Ini Alasan MA Kini Setujui Kenaikan Iuran BPJS Kesehatan

Andi Saputra - detikNews
Senin, 10 Agu 2020 17:42 WIB
Juru Bicara Mahkamah Agung (MA) Andi Samsan Nganro memberikan keterangan pers terkait putusan PK Baiq Nuril. Apa saja yang dibahas?
Juru bicara MA hakim agung Andi Samsan Nganro (Agung Pambudhy/detikcom)
Jakarta -

Gugatan Komunitas Pasien Cuci Darah Indonesia (KPCDI) soal kenaikan iuran BPJS Kesehatan ditolak Mahkamah Agung (MA). Alhasil, Perpres Nomor 64 Tahun 2020 yang menaikkan iuran BPJS Kesehatan dikuatkan oleh MA.

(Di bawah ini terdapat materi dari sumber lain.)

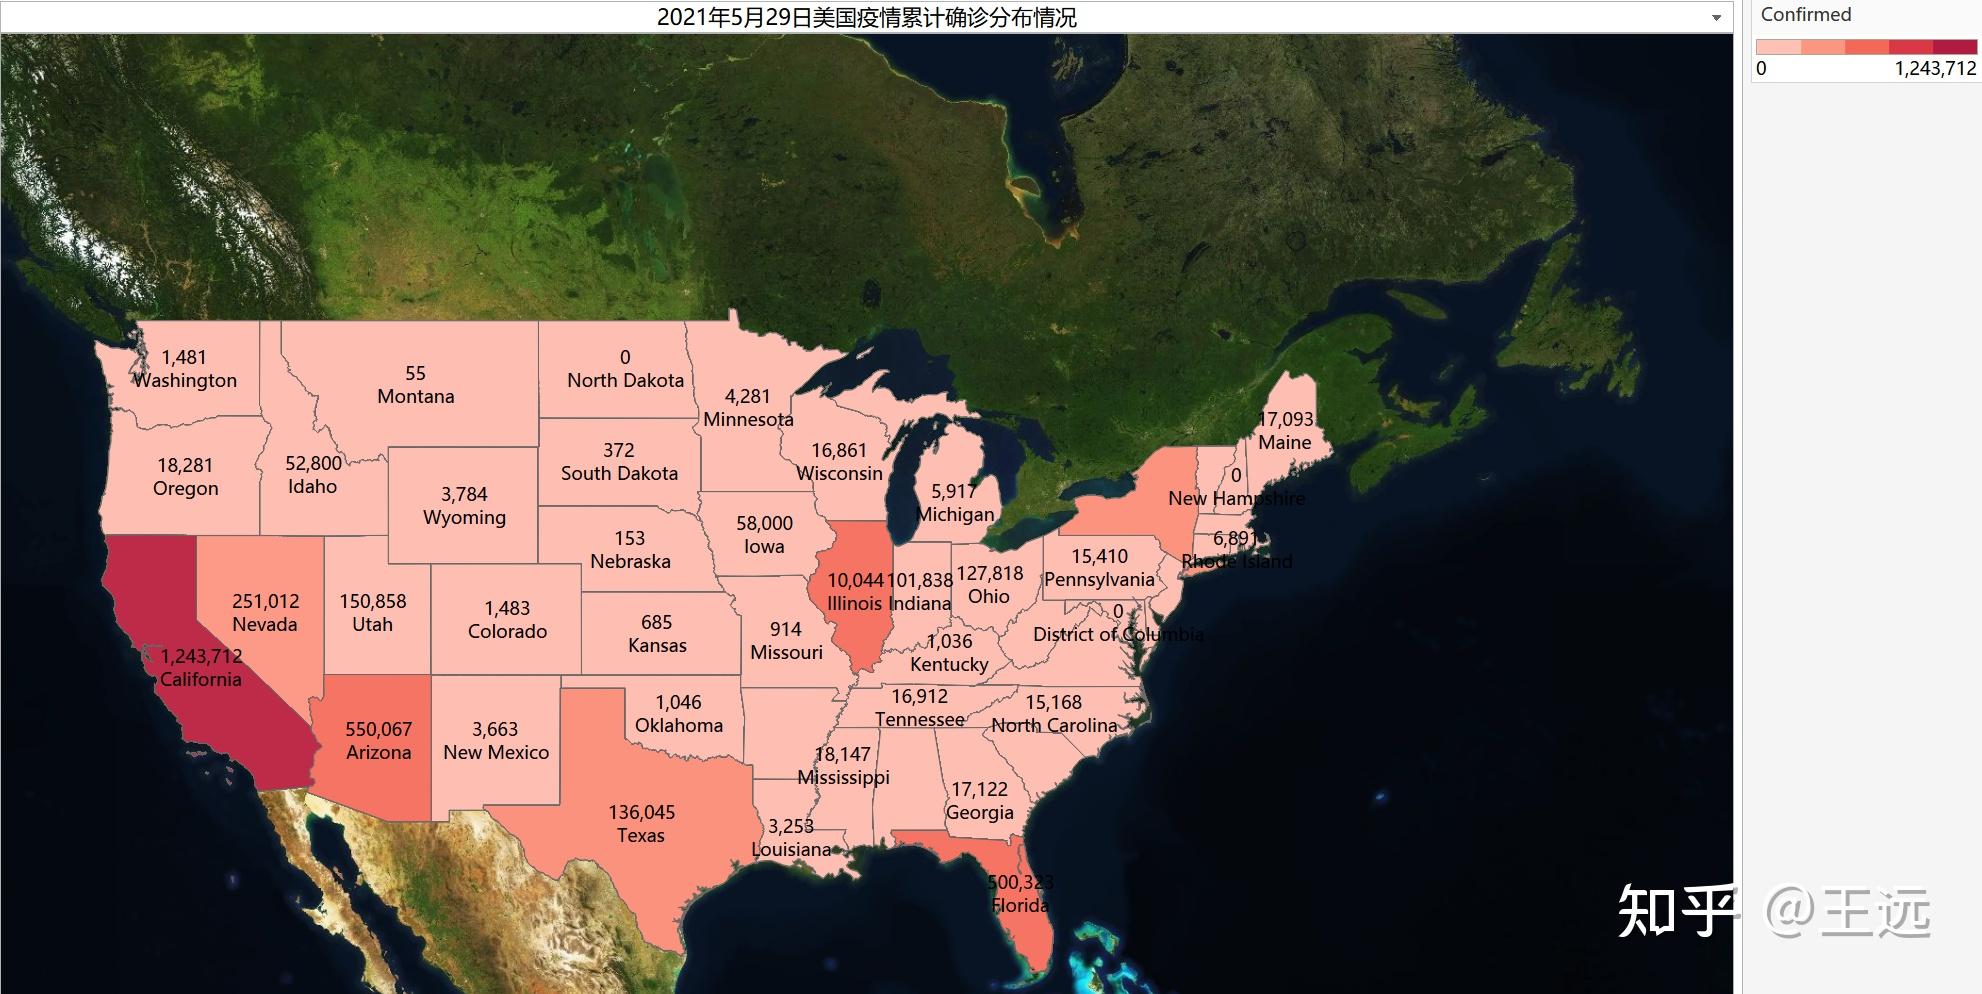 3美国疫情地图(截止到2021年5月29日)2
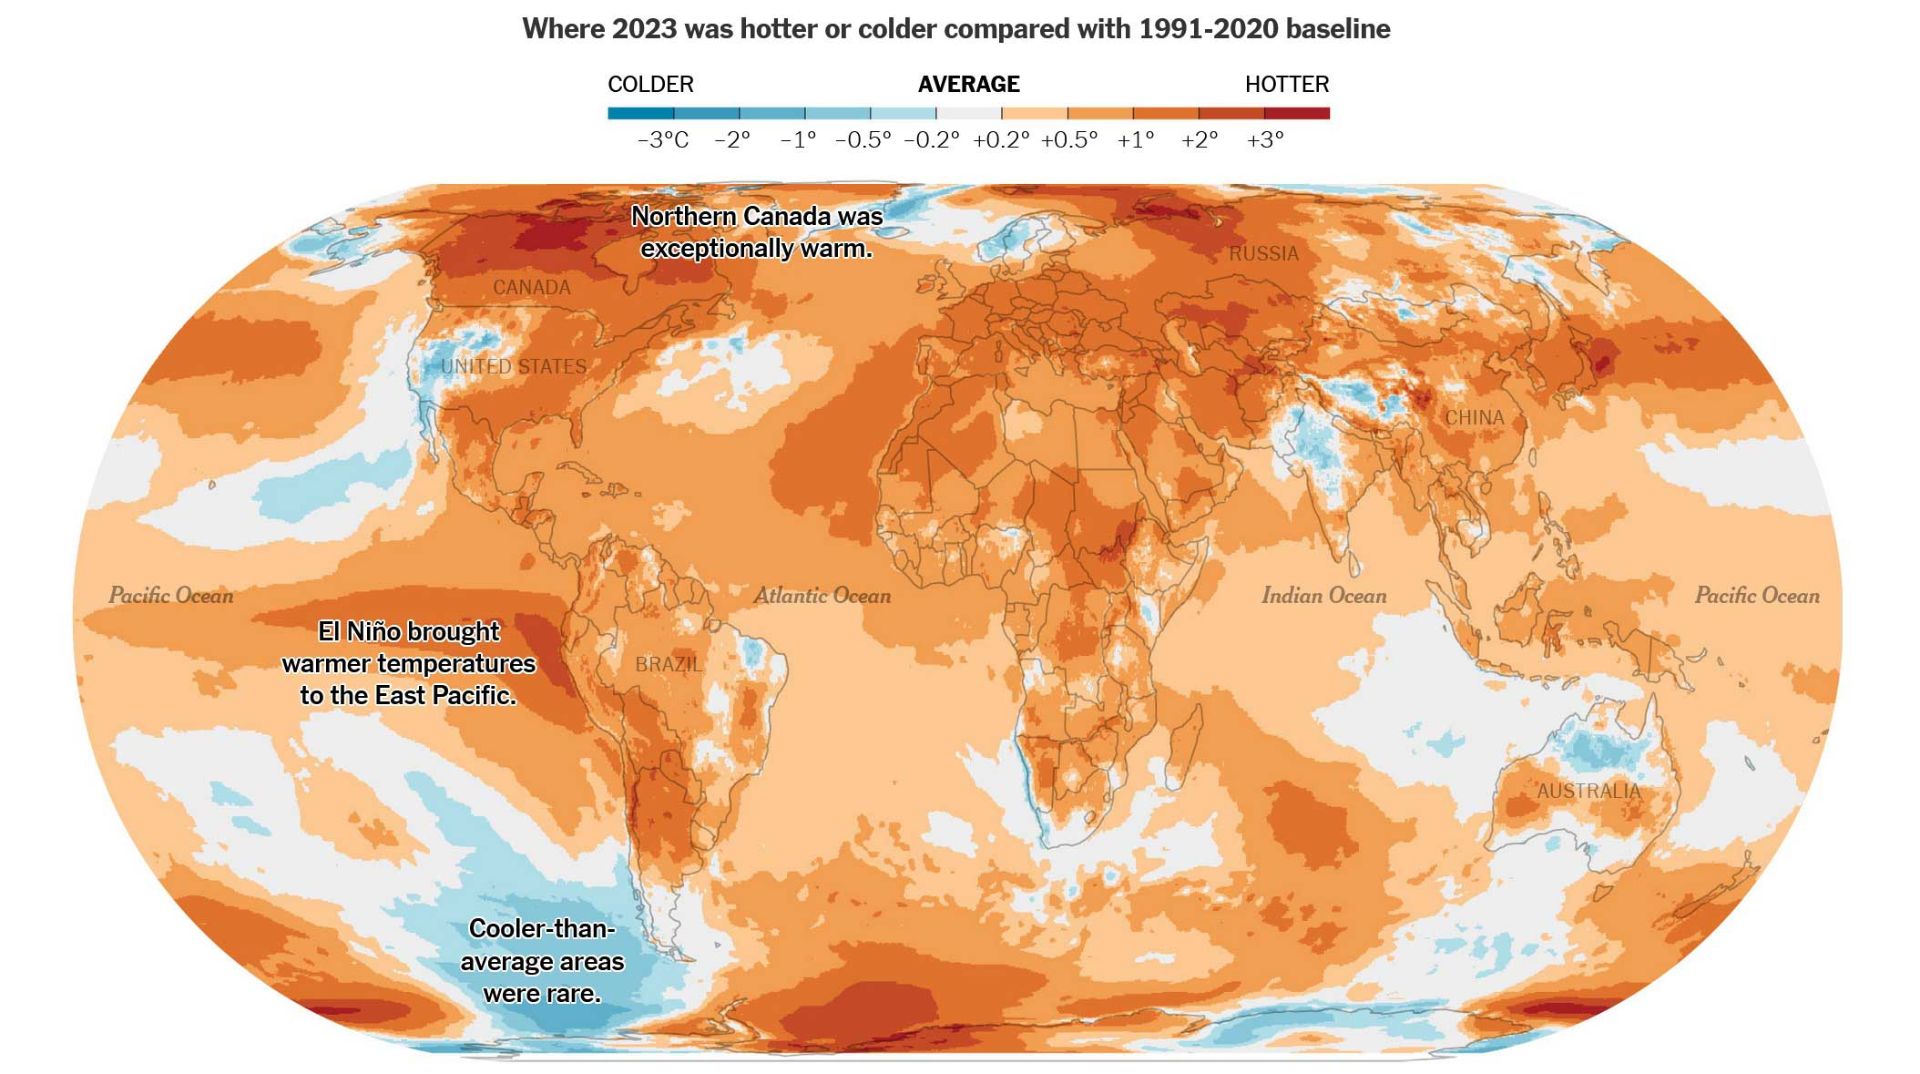 مقایسه دمای مناطق جهان در ۲۰۲۳ با میانگین دمای ۱۹۹۱ تا ۲۰۲۰

Perkara itu bernomor 39 P/HUM/2020. Duduk sebagai ketua majelis Supandi dengan anggota Is Sudaryono dan Yodi Martono Wahyunadi. Berikut alasan MA menguatkan kenaikan iuran BPJS Kesehatan sebagaimana disampaikan oleh juru bicara MA hakim agung Andi Samsan Nganro yang diterima detikcom, Senin (10/8/2020):

Pada pokoknya, kenaikan iuran yang diatur dalam pasal 34 Perpres Nomor 64/2020 yang dimohonkan pengujian a quo, pada prinsipnya hanya menaikkan iuran bagi peserta pekerja bukan penerima upah (PBPU) dan bukan pekerja (PB) klas I, II dan III. Sedangkan terhadap peserta lainnya tidak tunduk pada pasal 34 Perpres 64/2020 terhadap peserta PBPU dan PB klas III untuk tahun 2020.

Pada dasarnya iuran yang dibayar peserta tidak mengalami kenaikan karena selisih sebesar Rp 16.500 dibayarkan Pemerintah Pusat, dan untuk tahun 2021 dan seterusnya peserta hanya membayar kenaikan sebesar Rp 10.000 per bulan.

Dan bila masih keberatan peserta klas III dapat beralih menjadi peserta penerima bantuan iuran jaminan kesehatan (PBI) dan tetap mendapatkan layanan yang sama dengan PBPU dan BP klas III.

Iuran Peserta PBPU dan BP Klas III yang disubsidi oleh Pemerintah Pusat dan Pemerintah Daerah, dan nilai penyesuaian peserta PBPU dan BP kelas II dan I yang sangat terjangkau, menunjukkan upaya pemerintah menyediakan jaminan pelayanan kesehatan masyarakat secara seimbang bagi masyarakat selaku penerima manfaat.

Berikut daftar kenaikan iuran BPJS Kesehatan terbaru berdasarkan Perpres 64 Tahun 2020:

1. Iuran Kelas I yaitu sebesar Rp 150 ribu per orang per bulan dibayar oleh Peserta PBPU dan Peserta BP atau pihak lain atas nama Peserta. Naik sejak 1 Juli 2020.
2. Iuran Kelas II yaitu sebesar Rp 100 ribu per orang per bulan dibayar oleh Peserta PBPU dan Peserta BP atau pihak lain atas nama Peserta. Naik sejak 1 Juli 2020.
3. Iuran Kelas III Tahun 2020 sebesar Rp 25.500. Pada tahun 2021 dan tahun berikutnya naik menjadi Rp 35 ribu.

Sebagaimana diketahui, pada Februari 2020 MA mengabulkan gugatan dan membatalkan kenaikan iuran BPJS Kesehatan berdasarkan Perpres Nomor 75 Tahun 2019. Lalu Presiden Joko Widodo (Jokowi) mengeluarkan Perpres Nomor 64 Tahun 2020, yang memuat kenaikan iuran baru.

Perpres ini digugat ke MA lagi. Berbeda dengan Februari 2020, kini MA menolak gugatan tersebut.